Monday, July 13, 2015

A Portrait of Social Justice in Action

This is an individual case, one of many now being prosecuted across the USA.
Free to Shut Up
The collision of religious liberty and gay rights in Oregon

"They have good days and bad days, but I will tell you they are resolute,” attorney Herb Grey says of his clients, Aaron and Melissa Klein, two bakers from Portland who are facing a $135,000 fine from the state of Oregon for refusing to bake a cake for a lesbian commitment ceremony in January 2013. “They know that today it’s them, but that there’s nothing they can do to escape from it, and they’re willing to stand up, knowing what the potential implications are for other people.”
Melissa Klein chats with a customer prior to her bakery’s closure, February 5,

It’s safe to say that July 2 was not one of the Kleins’ better days. Brad Avakian, a commissioner with the state Bureau of Labor and Industries (BOLI), issued a ruling that upheld the $135,000 fine for violating state public accommodation laws suggested by an administrative judge in April. The couple were told to pay the fine by July 13 or the state would place a lien on their home. Not only that, but Avakian added an astonishing wrinkle. He issued a gag order that effectively prevents the couple from saying much of anything about the case: “The Commissioner of the Bureau of Labor and Industries hereby orders Respondents Aaron and Melissa Klein to cease and desist from publishing, circulating, issuing or displaying, or causing to be published .  .  . any communication to the effect that any of the accommodations .  .  . will be refused, withheld from or denied to, or that any discrimination will be made against, any person on account of their sexual orientation.”

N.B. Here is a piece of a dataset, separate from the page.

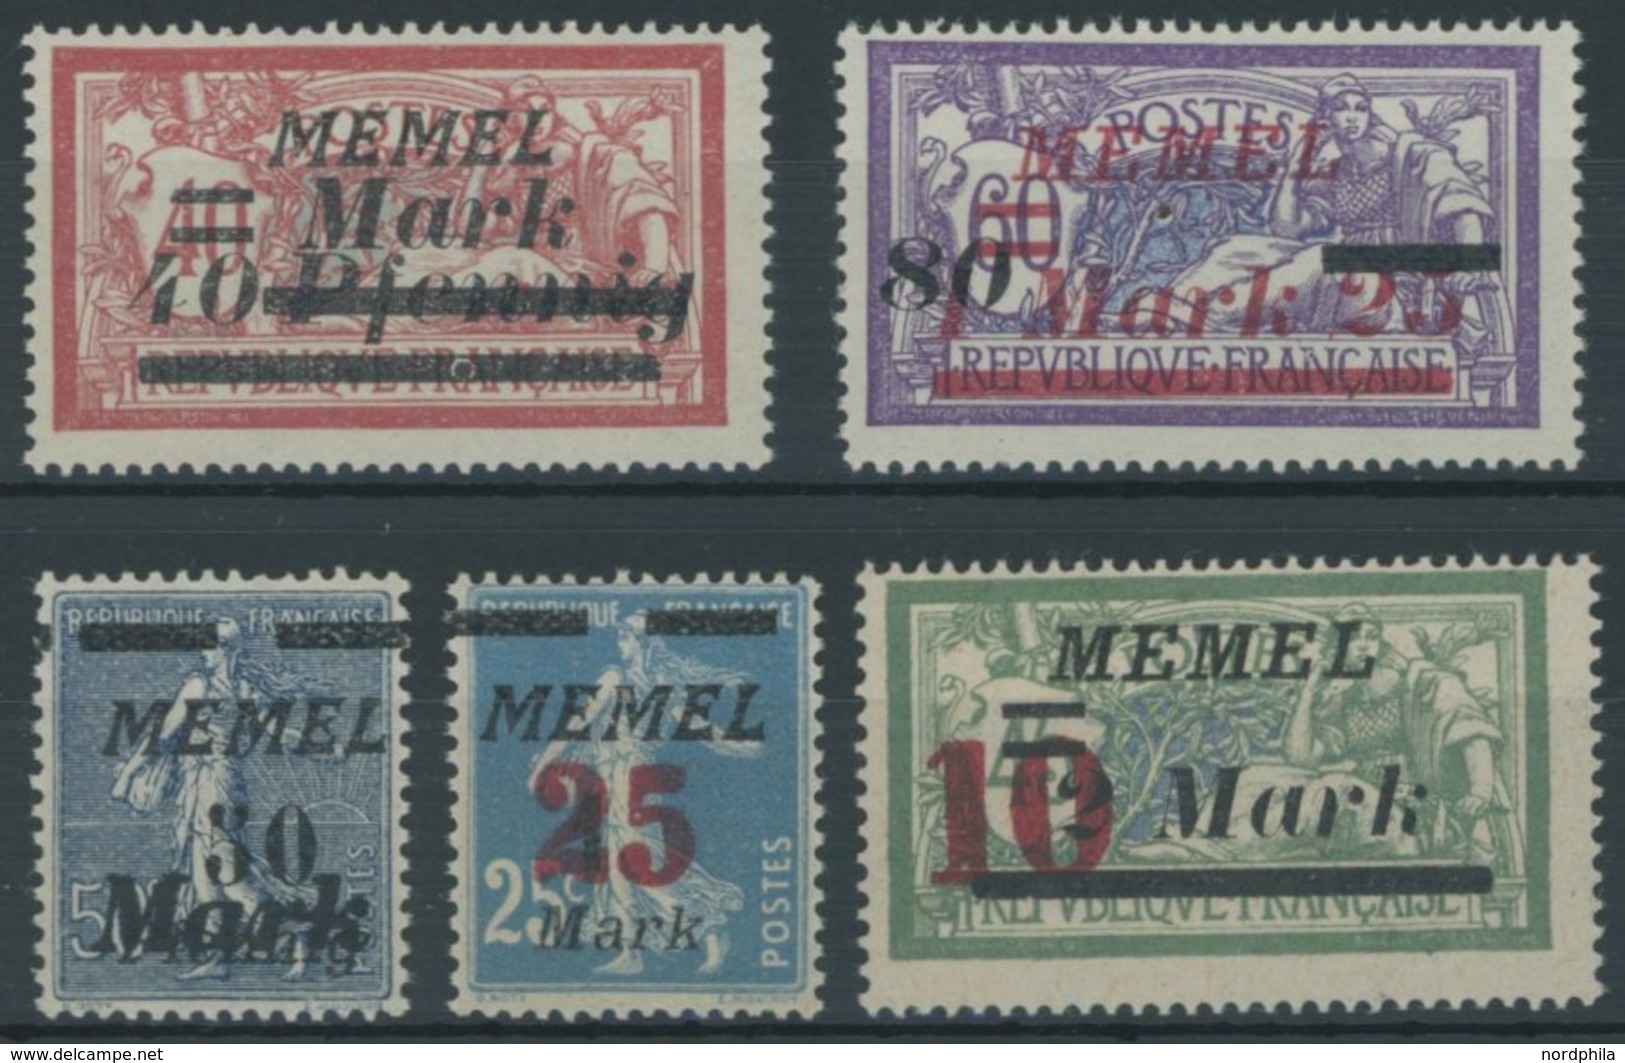 MEMELGEBIET 119-23 **, 1922/3, Staatsdruckerei Paris Und Staatsdruckerei Rytas, Postfrisch, 5 Prachtwerte, Mi. 64.- - Memelgebiet 1923

The state insists that this is not a gag order, that it narrowly restricts what the Kleins may say about who they will serve. (Their bakery, Sweetcakes By Melissa, was shuttered in 2013 thanks to negative publicity surrounding the case, though the couple are trying to keep their business alive online.) But according to Grey, who is one of three lawyers working with the Christian legal group Alliance Defending Freedom to represent the Kleins, the couple have never stated an intention to discriminate, only stated why they took the stand they did in the instance that got them into trouble. Besides, the Kleins have no problem serving gay customers. They had previously served the lesbian woman who filed the complaint against them. They simply decline to make cakes for same-sex weddings, since to do so, in their view, would betray their Christian conscience.

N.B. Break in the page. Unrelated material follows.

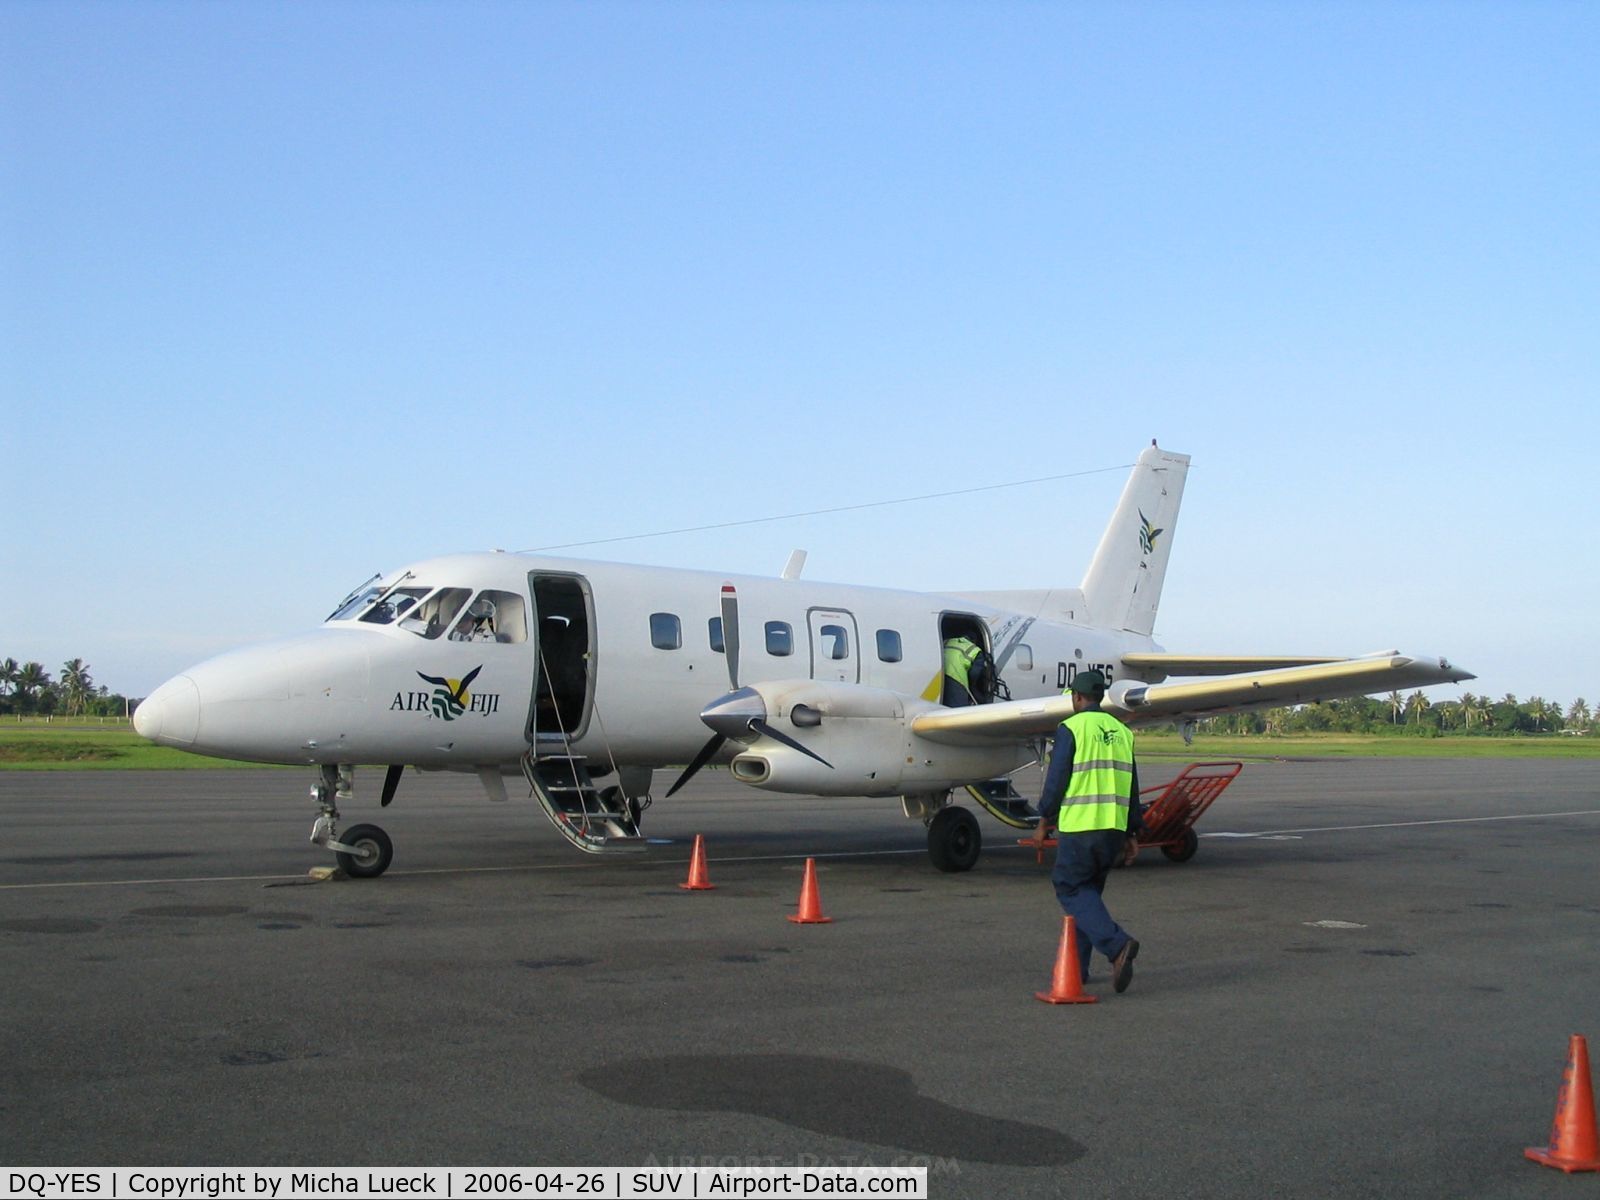 DQ-YES, 1980 Embraer EMB-110P2 Bandeirante C/N 110307, Air Fiji's EMB 100 Bandeirante at Suva, just arrived from Savusavu

This didn’t stop Avakian, in the July 2 ruling, from citing the following statements by the Kleins as proclaiming their intention to discriminate:

I didn’t want to be a part of her marriage, which I think is wrong.

I am who I am and I want to live my life the way I want to live my life and, you know, I choose to serve God.

It’s one of those things where you never want to see something you’ve put so much work into go belly up, but on the other hand, I have faith in the Lord and he’s taken care of us up to this point and I’m sure he will in the future.

We will continue to stand strong. Your religious freedom is becoming not free anymore. This is ridiculous that we cannot practice our faith. The Lord is good and we will continue to serve Him with all our heart.

Another statement that Avakian singles out seems more clear cut: “We don’t do same-sex marriage, same-sex wedding cakes.” Yet even here, Avakian is being willfully obtuse. The transcript of the radio interview in which Aaron Klein said this shows that he was merely recounting what he told the customer at the time he declined to bake her cake, not announcing his future intentions.

“The way we look at it, and if you put it in First Amendment terms, if you don’t know where the line is drawn, you don’t know how close you can get to it, which means that you tend to engage in less speech to try to stay away from going over the line,” says Grey. “Our perception was that it was in fact a gag order that basically limited us from talking about the case really at all. .  .  . [The Kleins] don’t know what might trigger a future violation and further complaints and further action by the commissioner.”

The hefty fine and the gag order are hardly the only outrageous things about Avakian’s decree. On page 34, the ruling reads, “In addition to any emotional suffering experienced by Complainants as a direct result of Sweetcakes’ refusal to bake them a cake (‘denial of service’), the agency also seeks damages for suffering caused to the Complainants by media publicity and social media response to this case.”

The state ultimately rejected the idea of additional damages for suffering caused by negative publicity, but its raising the possibility is cause for alarm. The state is essentially saying that if it charges you with violating the law, you can’t speak out against what’s happening to you without potentially subjecting yourself to increasingly harsh penalties—never mind that the Kleins are the ones who seem to have suffered the most from the attendant publicity. Their once-thriving bakery is closed, and Aaron Klein is trying to make ends meet and take care of their children by working as a trash collector.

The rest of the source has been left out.